Though apart, the two remained friends — McBean was the best man at Ferreira’s wedding — but the dramatic power of their multiracial partnership, best heard on New Beginnings, is now absent. Even so, Ferreira carries on The Advent name at his Akoma Workx studio and continues to ply his craft with prolific vigor. Living again in Portugal, his house by the sea and raising a family, Europe’s hard funk maestro was still hurtling wicked bolts of techno magic, his meteors flashing across the horizon. The techno faithful watching, and London calling, they awaited his return.
Track Listing:
1. Armageden
2. Runners
3. Funkage
4. Testing
5. House Seed
6. Pro II
7. Stassis
8. Nervous Energies
9. Standers
10. C. Control
11. Insight
12. Stassis (Part II)
*The importance of the West Indian experience and its immigrant impact on British culture cannot be overstated. Known as the “Windrush” generation, the most significant wave came after World War II as the British Empire receded.

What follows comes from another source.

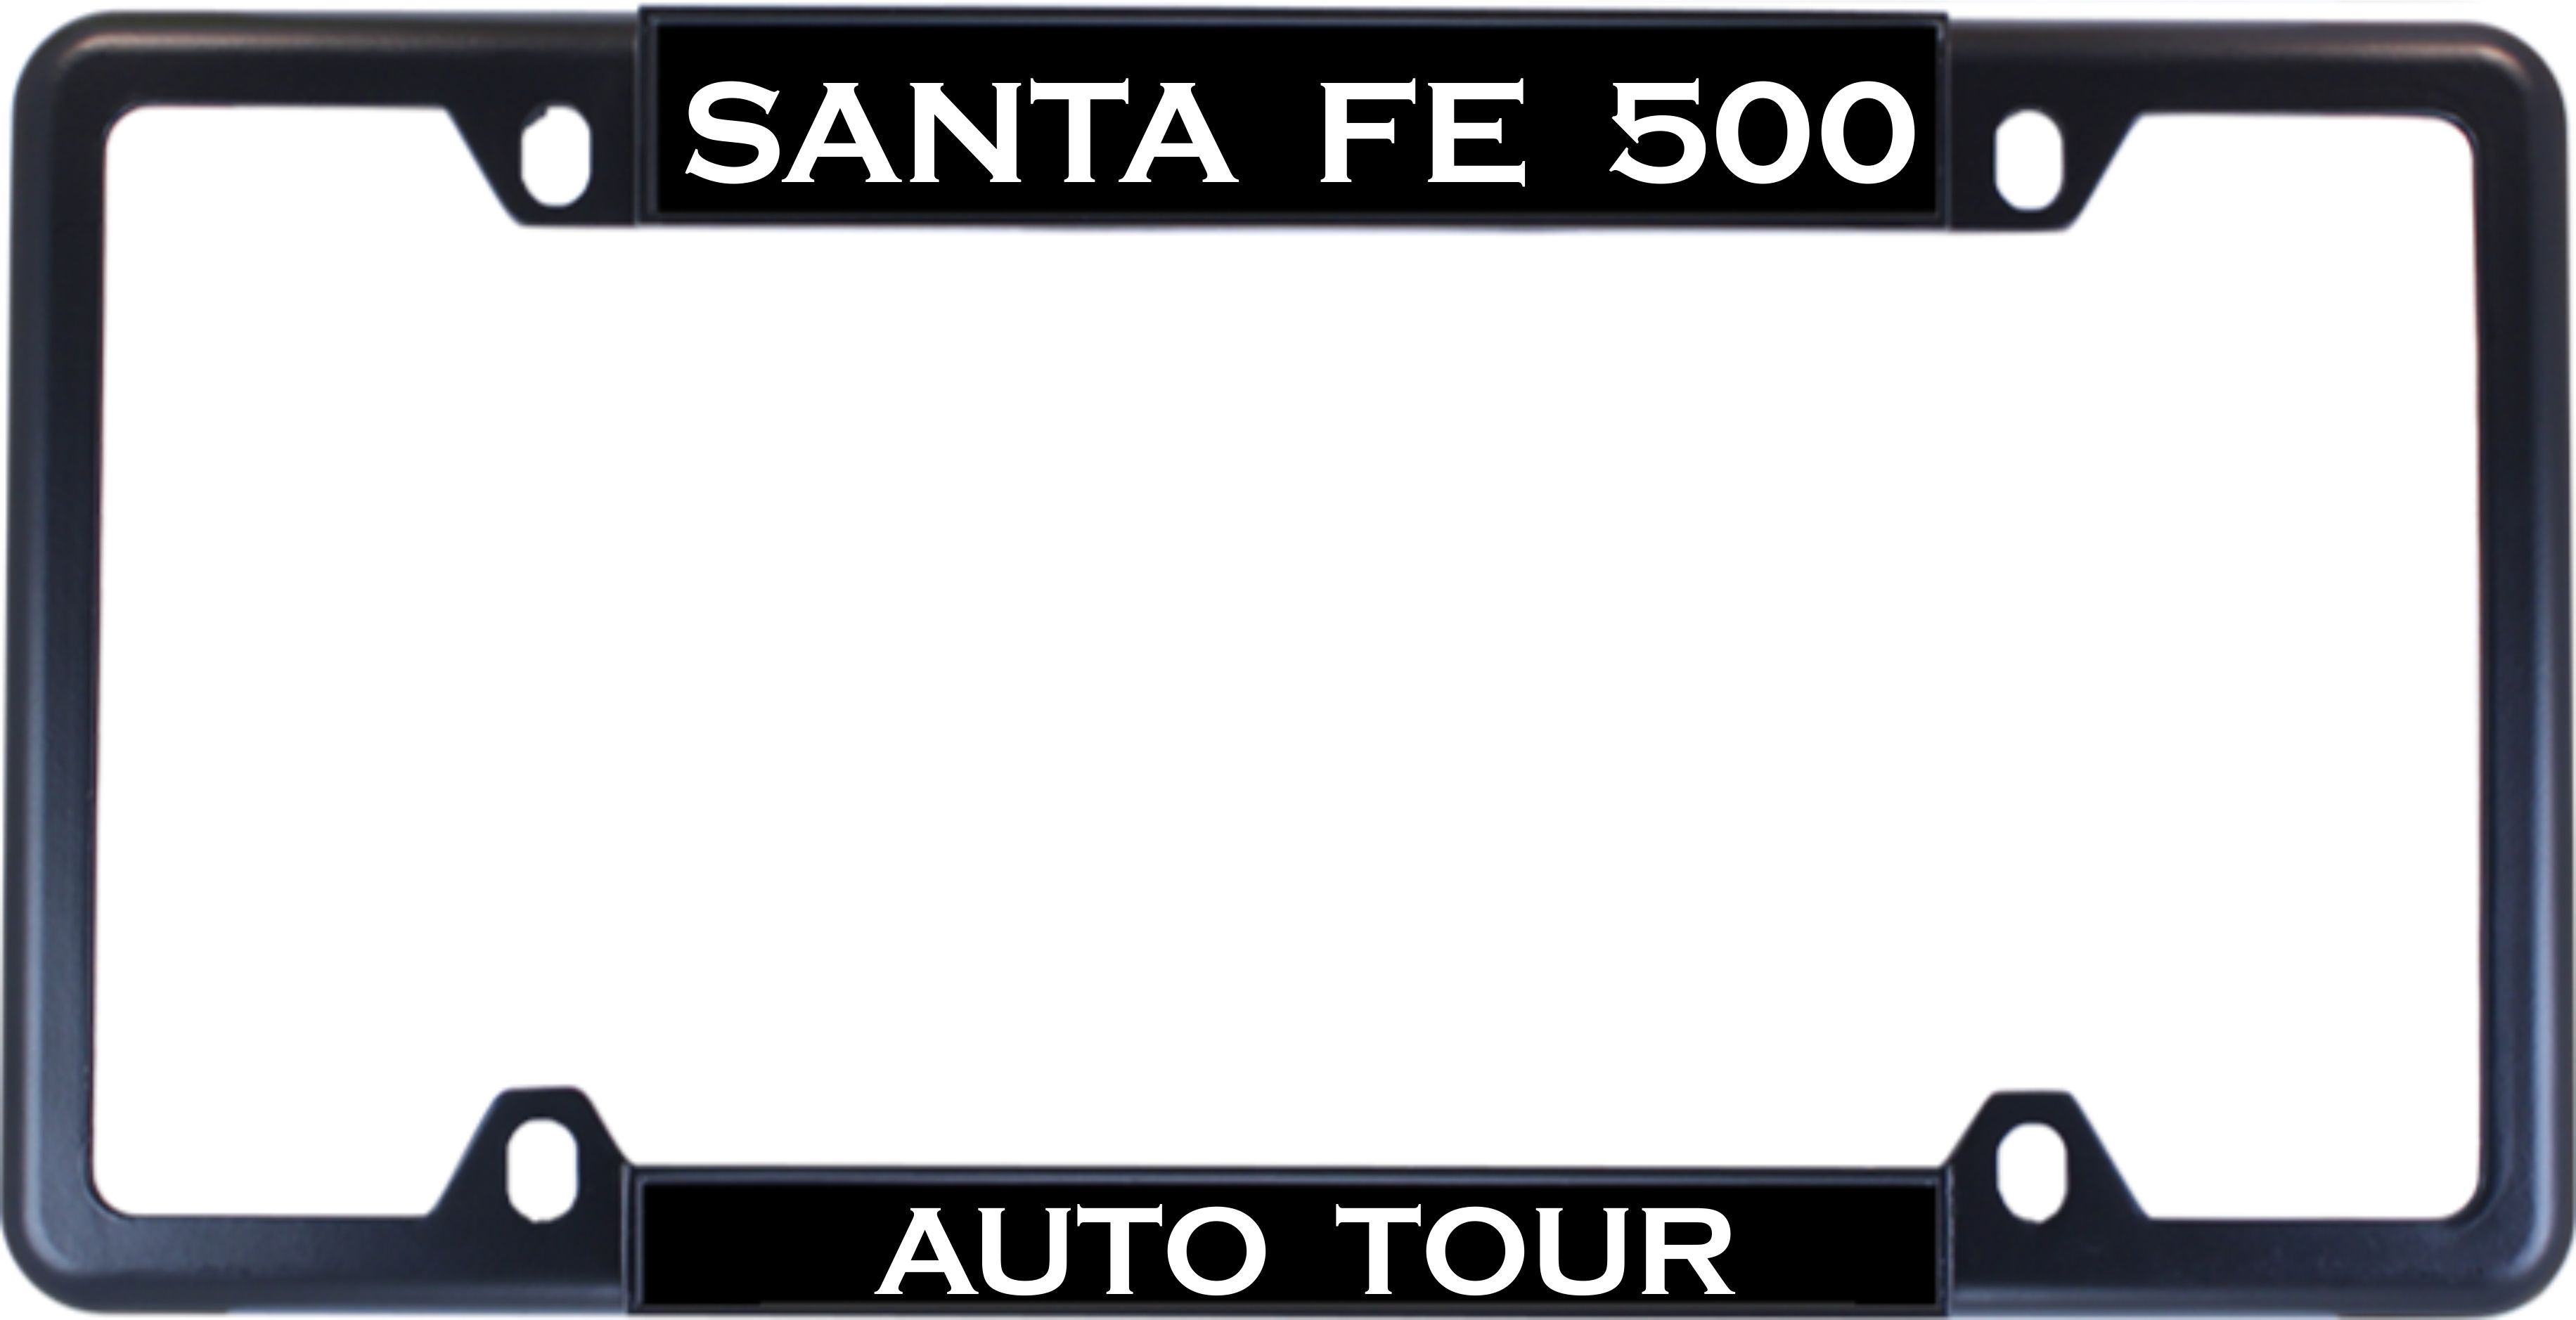 Santa Fe 500 - Custom License plate frame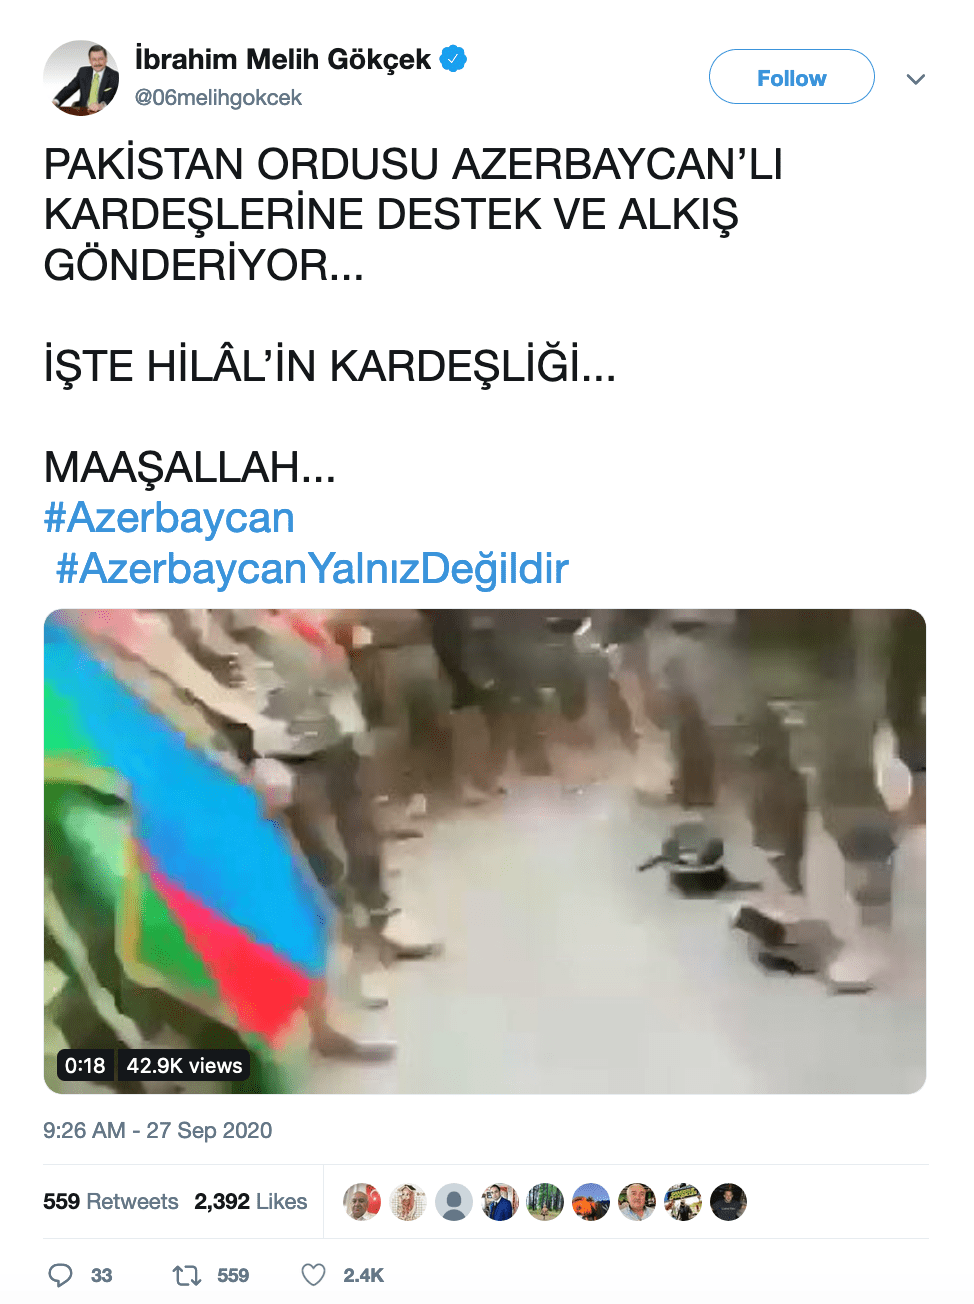 videonun 27 eylul catismasinda pakistanin azerbaycana destegini gosterdigi iddiasi 1

Previous Afro-Carribean immigrants came to England before the 1900s, but it was the Windrush generation that shifted English society in a more multicultural direction, along with Indian, Pakistani, Sri Lankan and Chinese immigrants. Musically, the Windrush wave brought reggae and dub into British cities and towns.
Of course Bob Marley and other early Reggae stars like Peter Tosh had a major influence on British popular music directly from Jamaica. But it was in the immigrant enclaves and then semi-integrations (many of them troubled by racism and pushback against immigrants), that this more soulful and polyrhythmic instinct took hold, eventually influencing everything from British house and techno to jungle and dubstep, with breakbeat and drum ‘n’ bass in between.
For non-Brits, it’s harder to fully appreciate the criticality of this cultural synthesis. But it is of course everywhere you look and listen. There is the UK reggae of Birmingham for example with UB40 and Steel Pulse. There is Ashley Beedle, Grooverider, Fabio, Goldie, 4 Hero, Dillinja, Moody Boyz, Shut Up & Dance, Mad Professor, Jah Shaka, Shara Nelson, Billy Ocean, Culture Club’s Mikey Craig, and The Real Thing.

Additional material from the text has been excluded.